The Syrian-born son of a naturalized U.S. citizen was killed trying to shoot his way onto a Naval installation in Texas last week. A security loophole in America’s immigration system opened the way for Adam Salim Alsahli’s suicide mission.

According to reports, Alsahli, 20, drove to the Corpus Christi Naval Air Station wearing an Arab head-wrap garment, with Arabic language music blaring from his vehicle. After an exchange of gunfire with guards, the former student at a local community college lay dead.

How did it come to this?

The Center for Immigration Studies learned that Alsahli was able to move to the U.S. in 2014 with his mother at the height of the Syrian civil war, thanks to his Syrian father gaining naturalized U.S. citizenship in 1984. The younger Alsahli was born in Syria in 1999.

“Although his children and their mother were born in and resided in the Middle East, the father’s U.S. citizenship conferred U.S. citizenship on Adam Alsahli, since he properly registered a declaration at a U.S. embassy or consulate office overseas. That apparently happened with Adam Alsahli because by the age of three, in the year 2002, he was granted an American passport that was repeatedly renewed over the years,” CIS reported.

Alsahli’s case illustrates how conferred U.S. citizenship enables individuals to enter this country without the customary security screening — even when coming from a region with terrorist connections. When Alsahli arrived in America six years ago, he “would have been moved right to the front of the line with almost no security vetting,” CIS said.

Jessica Vaughan, the center’s director of policy studies, says “retained citizenship” status presents a problem when individuals holding American passports have no meaningful connection to the United States.

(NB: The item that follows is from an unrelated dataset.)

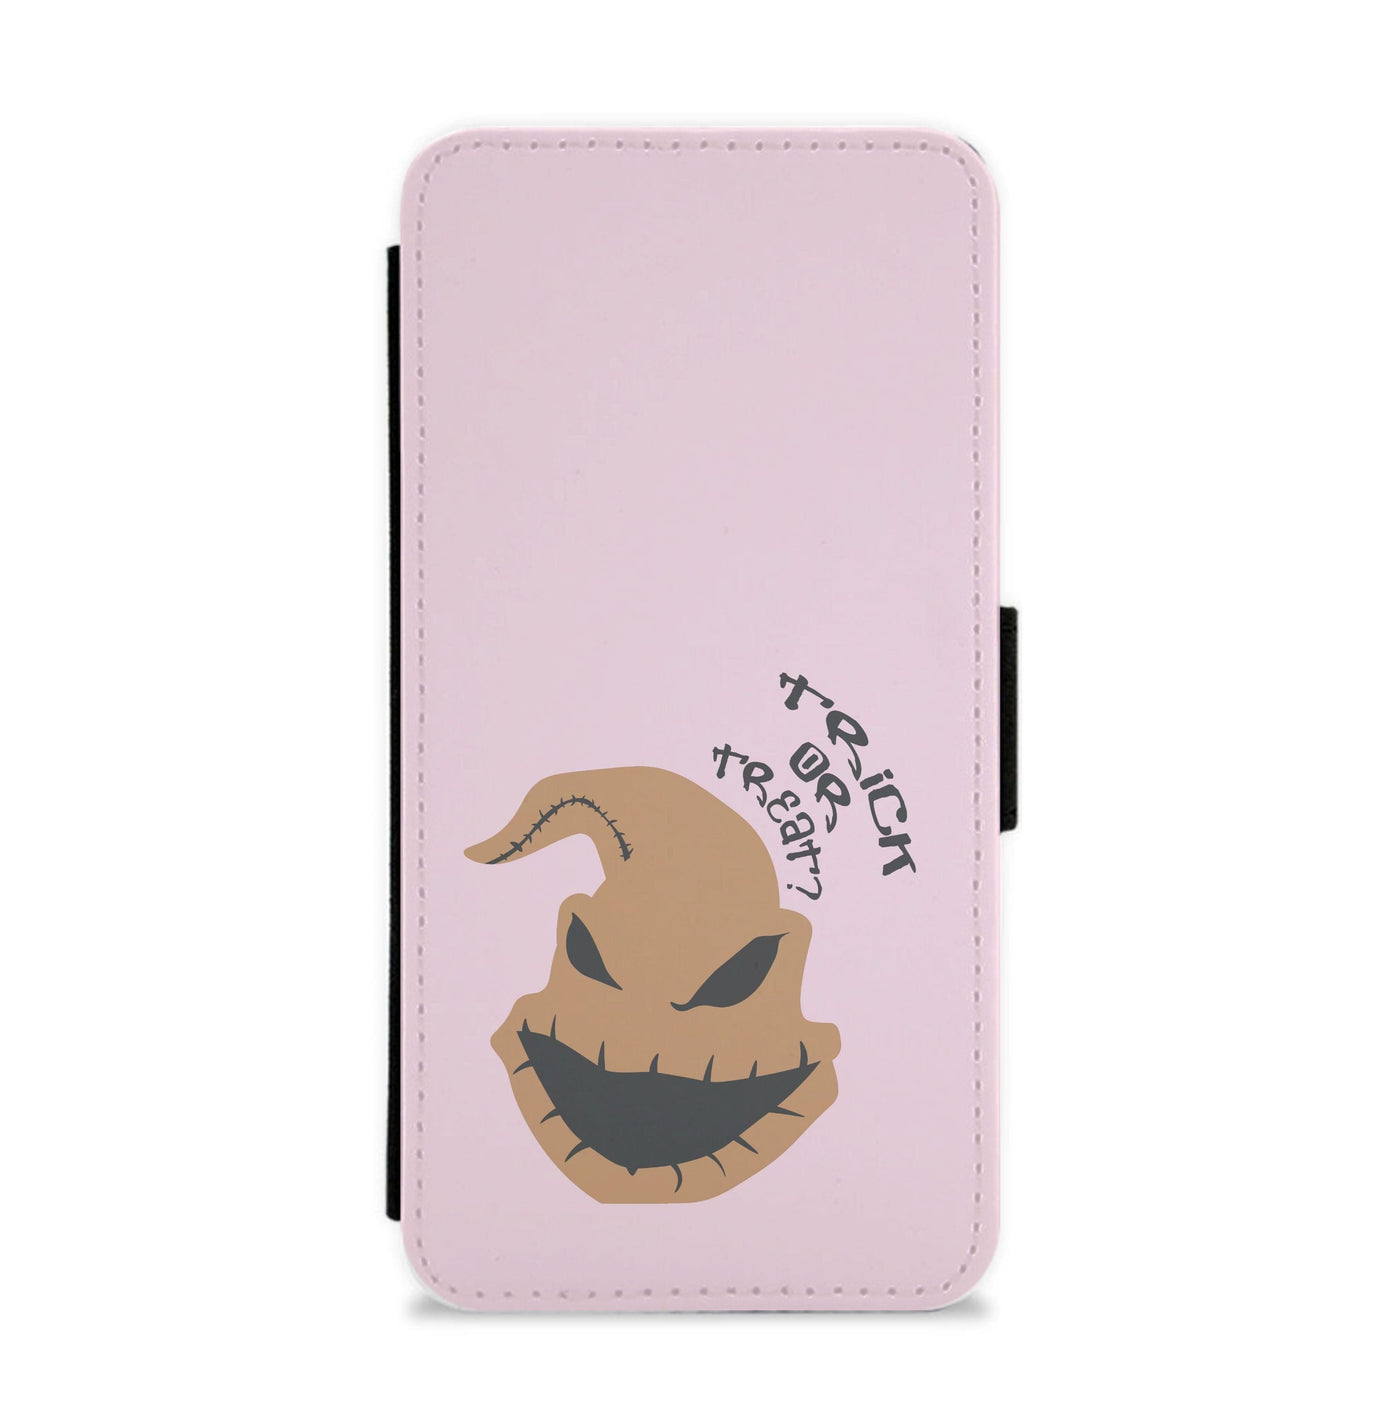 Trick Or Treat? - The Nightmare Before Christmas Flip / Wallet Phone Case
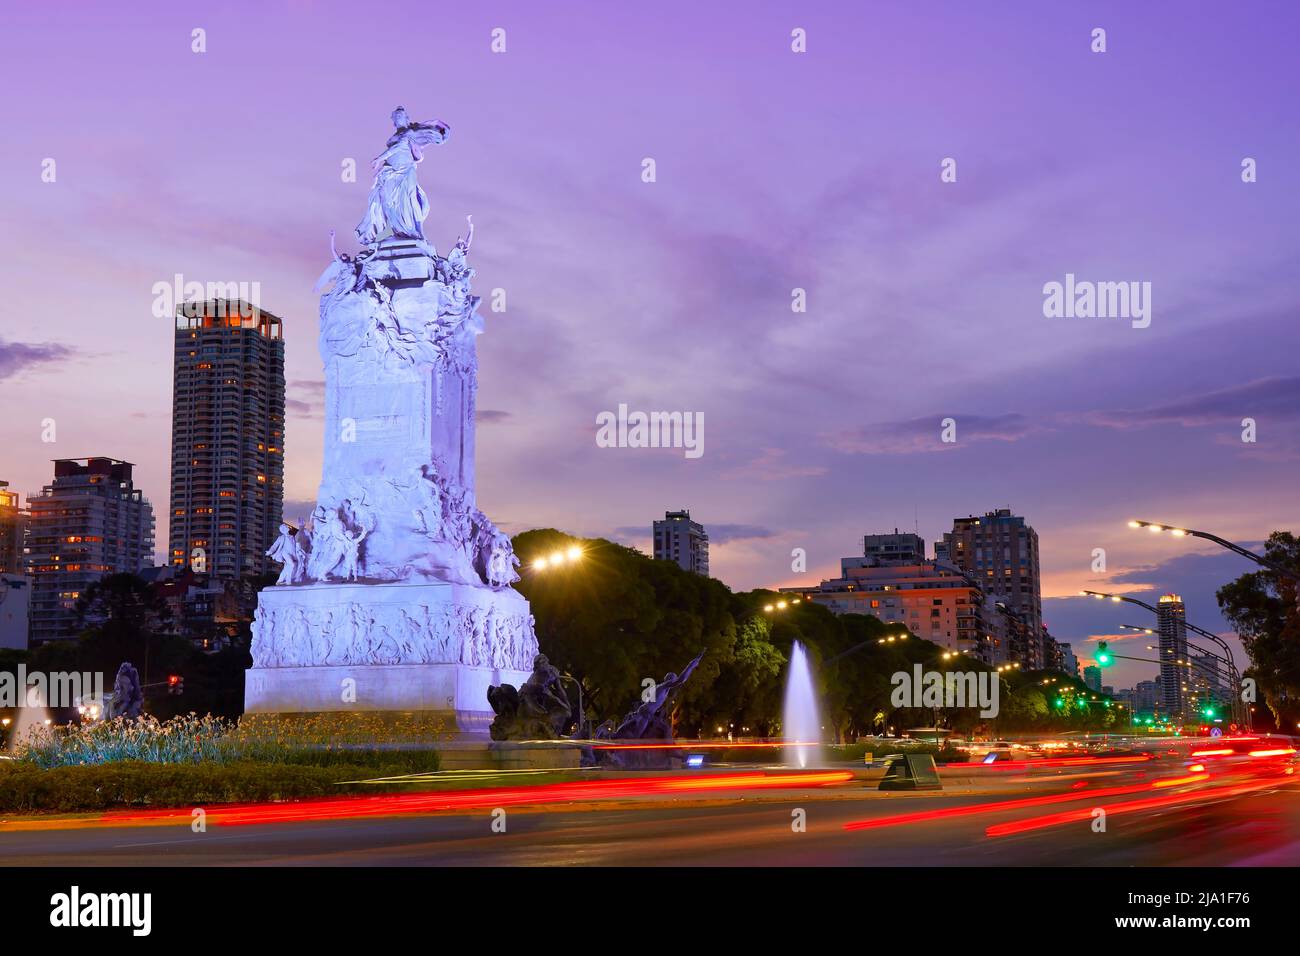 The 'Monument to the Carta Magna and Four Regions of Argentina', commonly known as the 'Monument of the Spanish' at twilight, Buenos Aires, Argentina. Stock Photo

“This is definitely a vulnerability in our system; we can’t really deny entry to a U.S. citizen. But over many years, mainly to accommodate the families of American expatriates, there has been an erosion of citizenship retention requirements, and erosion of the notion that a U.S. citizen should have some meaningful ties with this country, especially if they’re spending their lives outside of the country,” Vaughn said.

Though little is yet known about Alsahli’s comings and goings, the FBI branded his assault on the Naval Air Station “terrorism related.”

Officials identified social media accounts linked to the shooter. Online postings by these accounts expressed support for ISIS and al Qaeda in the Arabian Peninsula (AQAP). One personal account listed him as a “student at Umm Al-Qura University” in Mecca, Saudi Arabia.

(The Corpus Christi shooting occurred days after the FBI announced it found a link between al Qaeda and a Saudi military trainee who killed three U.S. sailors in a terror attack last year on Naval Air Station Pensacola.)

Vaughn calls the Alsahli case “an example of why we need stricter [citizenship]retention requirements. There are tens of thousands of people around the world, many living in areas hostile to the United States, who are U.S. citizens, but for whom that citizenship is just a matter of convenience, without any understanding or affinity for our country.”